Crawling using Puppeteer
So you want to scrape a website, take a screenshot, or download an image. Well, cool kids nowadays are using n8n and Firecrawl for the same purpose. But there is a way cheaper solution, with Puppeteer.
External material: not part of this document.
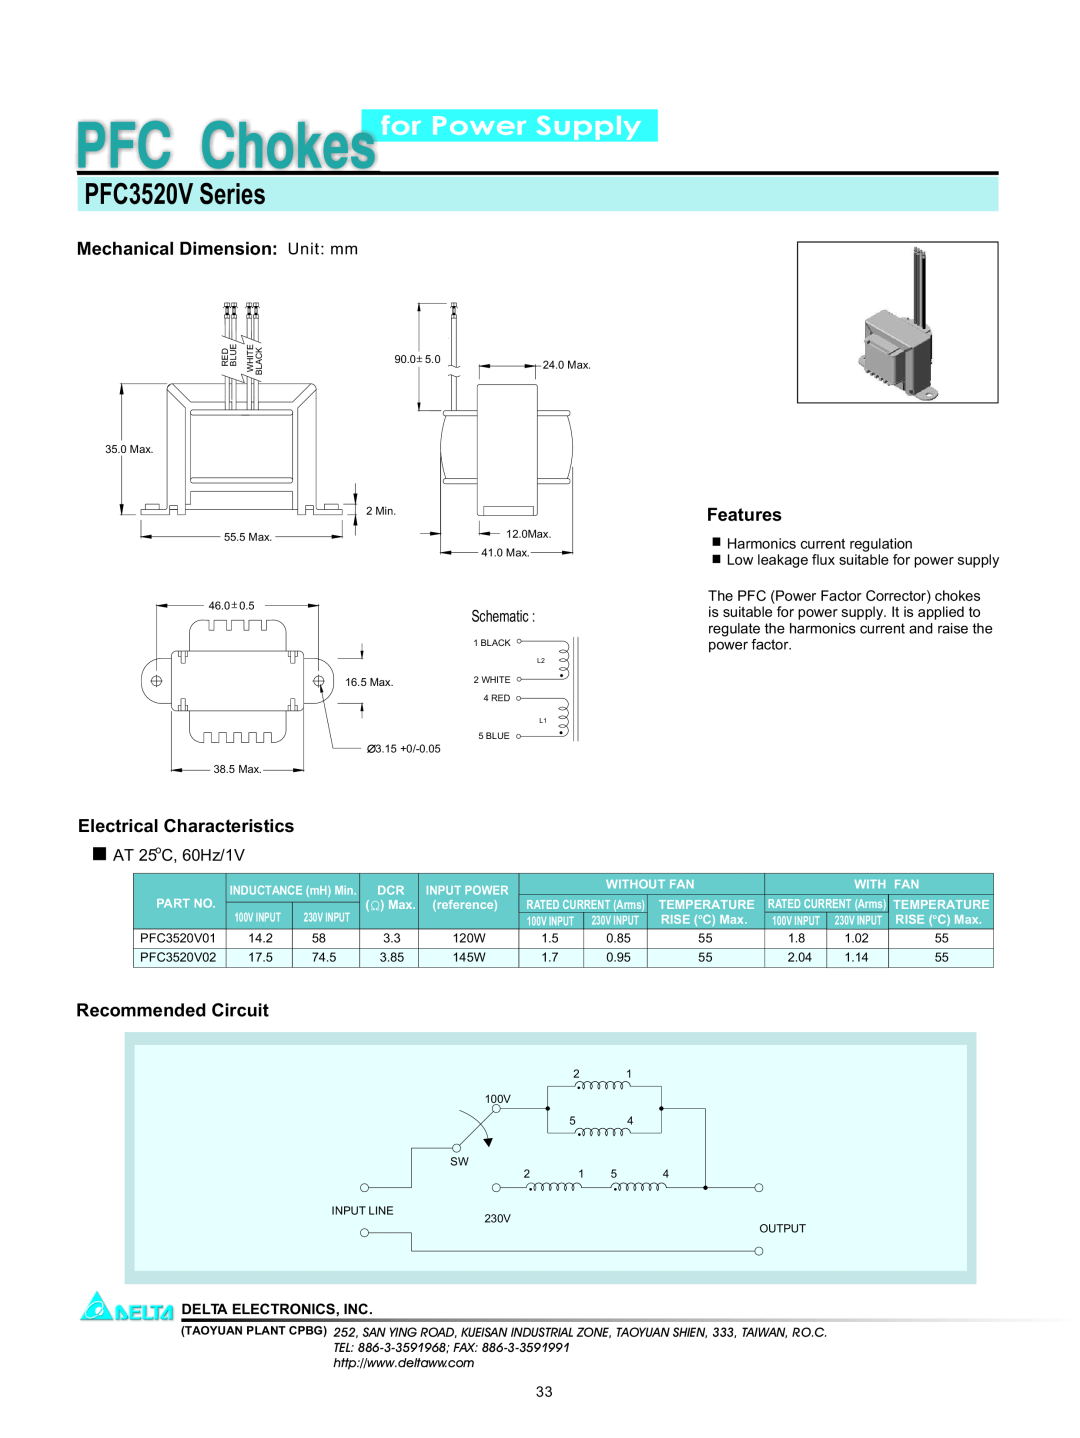 Delta Electronics PFC3520V Series manual for Power Supply, Mechanical Dimension Unit mm, Features, Recommended Circuit 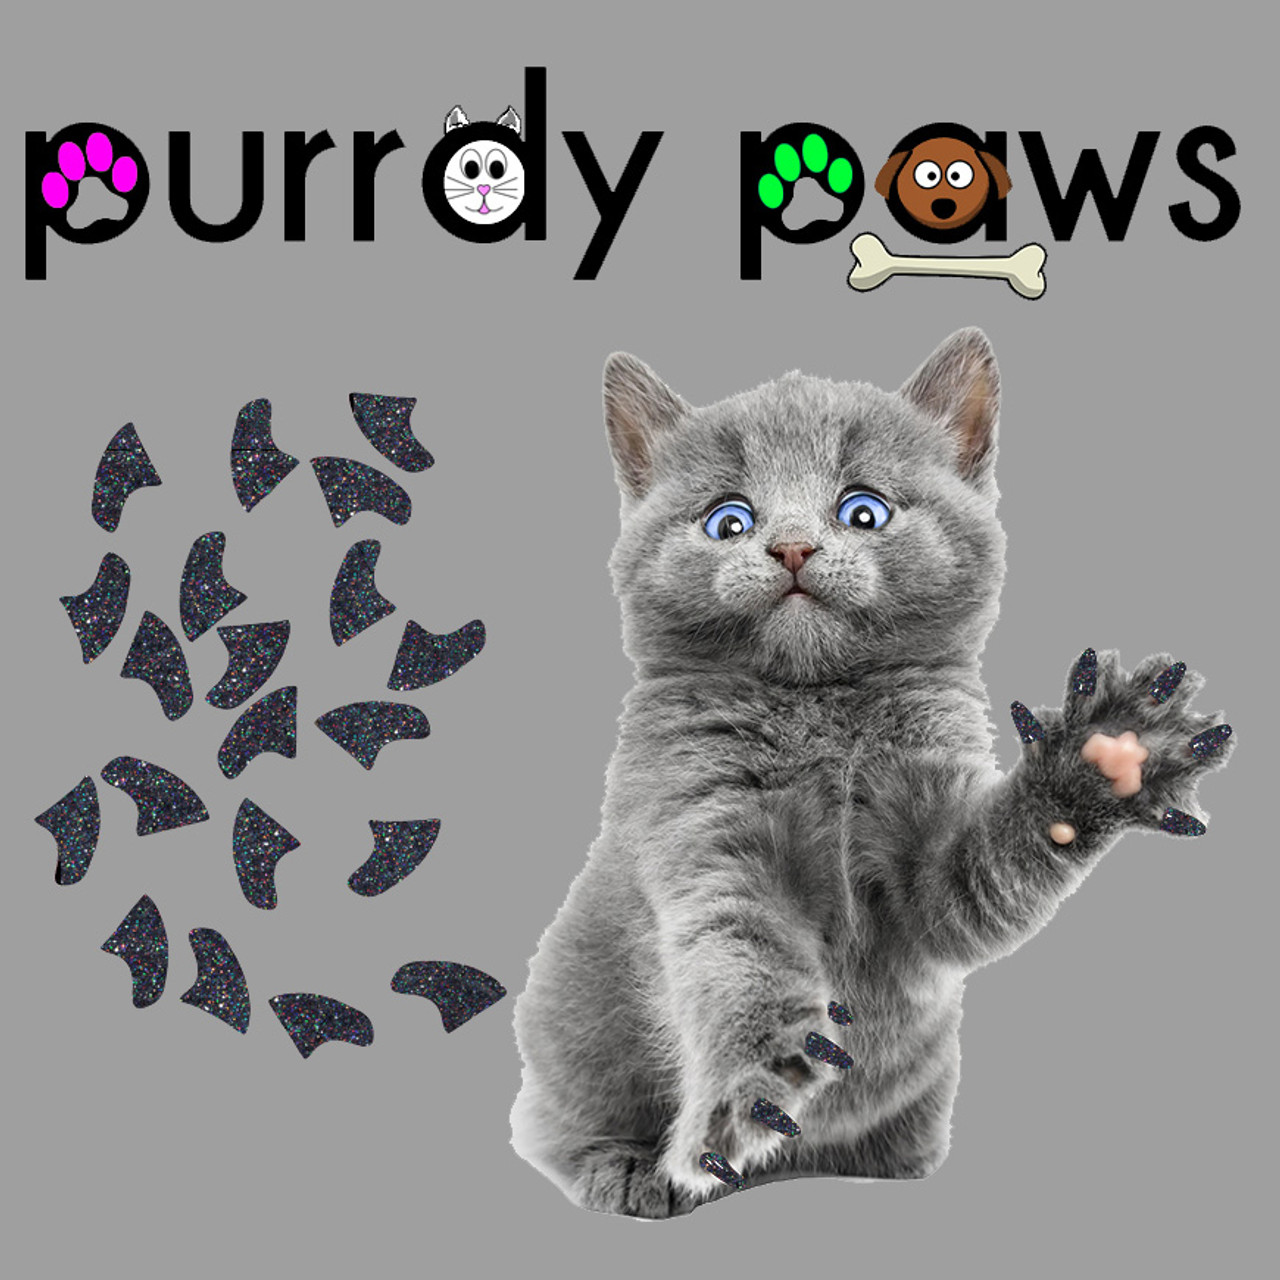 6 Month Supply - Purrdy Paws Seafoam Glitter Soft Nail Caps for Kittens  Claws - Extra Adhesives - Walmart.com

Puppeteer is cheap; all you need is a self-hosted n8n and a free mind to get your hands dirty a little bit, as below.
OS
Ubuntu 24.04 LTS
Dockerfile
# Dựa trên image n8n chính thức
FROM n8nio/n8n:1.99.0
# Quyền root để cài dependencies
USER root
# Cài Chromium và thư viện bắt buộc để render headless
RUN apk add --no-cache \
chromium \
nss \
freetype \
harfbuzz \
ca-certificates \
ttf-freefont \
nodejs \
npm \
udev \
bash
# Cài các thư viện NodeJS phục vụ crawl
RUN npm install -g \
puppeteer-core@latest \
axios \
cheerio
# Khai báo path Chromium cho Puppeteer
ENV PUPPETEER_EXECUTABLE_PATH=/usr/bin/chromium-browser
# Trả quyền về user node
USER node
Build image: docker build -t n8n-with-modules .
docker-compose.yml
version: '3.8'
services:
postgres:
image: postgres:15
restart: always
environment:
POSTGRES_USER: ${DB_POSTGRESDB_USER}
POSTGRES_PASSWORD: ${DB_POSTGRESDB_PASSWORD}
POSTGRES_DB: ${DB_POSTGRESDB_DATABASE}
volumes:
- ./postgres_data:/var/lib/postgresql/data
n8n:
image: n8n-with-modules
restart: always
ports:
- "5678:5678"
environment:
N8N_BASIC_AUTH_ACTIVE: ${N8N_BASIC_AUTH_ACTIVE}
N8N_BASIC_AUTH_USER: ${N8N_BASIC_AUTH_USER}
N8N_BASIC_AUTH_PASSWORD: ${N8N_BASIC_AUTH_PASSWORD}
GENERIC_TIMEZONE: ${GENERIC_TIMEZONE}
DB_TYPE: ${DB_TYPE}
DB_POSTGRESDB_HOST: ${DB_POSTGRESDB_HOST}
DB_POSTGRESDB_PORT: ${DB_POSTGRESDB_PORT}
DB_POSTGRESDB_DATABASE: ${DB_POSTGRESDB_DATABASE}
DB_POSTGRESDB_USER: ${DB_POSTGRESDB_USER}
DB_POSTGRESDB_PASSWORD: ${DB_POSTGRESDB_PASSWORD}
N8N_PORT: ${N8N_PORT}
N8N_HOST: ${N8N_HOST}
N8N_PROTOCOL: ${N8N_PROTOCOL}
WEBHOOK_URL: ${WEBHOOK_URL}
NODE_FUNCTION_ALLOW_BUILTIN: '*'
NODE_FUNCTION_ALLOW_EXTERNAL: cheerio,axios,puppeteer-core
volumes:
- ./n8n_data:/home/node/.n8n
- ./scripts:/data/scripts
depends_on:
- postgres
Thư mục ./scripts
có thể chứa các crawler script để chạy từ Execute Command
hoặc Code
node.
crawl-an-url.js
root@localhost:~/puppeteer-scripts# vi scripts/crawl-an-url-with-undetected-puppeteer.js
const puppeteer = require('undetected-puppeteer');
(async () => {
const inputUrl = process.argv[2];
if (!inputUrl) {
console.error('❌ No URL provided!');
process.exit(1);
}
const browser = await puppeteer.launch({
headless: 'new',
args: [
'--no-sandbox',
'--disable-setuid-sandbox',
'--window-size=1920,1080',
],
});
const page = await browser.newPage();
try {
await page.goto(inputUrl, { waitUntil: 'domcontentloaded', timeout: 60000 });
// 👇 Dùng Promise-based timeout để chắc chắn tương thích
await new Promise(resolve => setTimeout(resolve, 5000));
const html = await page.content();
console.log(html);
} catch (error) {
console.error(❌ Failed to load page: ${error.message});
} finally {
await browser.close();
}
})();
💡 Use a n8n Code node, or save as a .js
file and use it with an Execute Command
node.
n8n's Execute Command node
# Paste into Command input
node /data/scripts/crawl-an-url.js {{ $json.target_url }}
Paste into the "Command" input, set the toggle "Execute Once" On
Note
Running n8n in the same place as Puppeteer is only for short-term usage; for long-term production, separate them.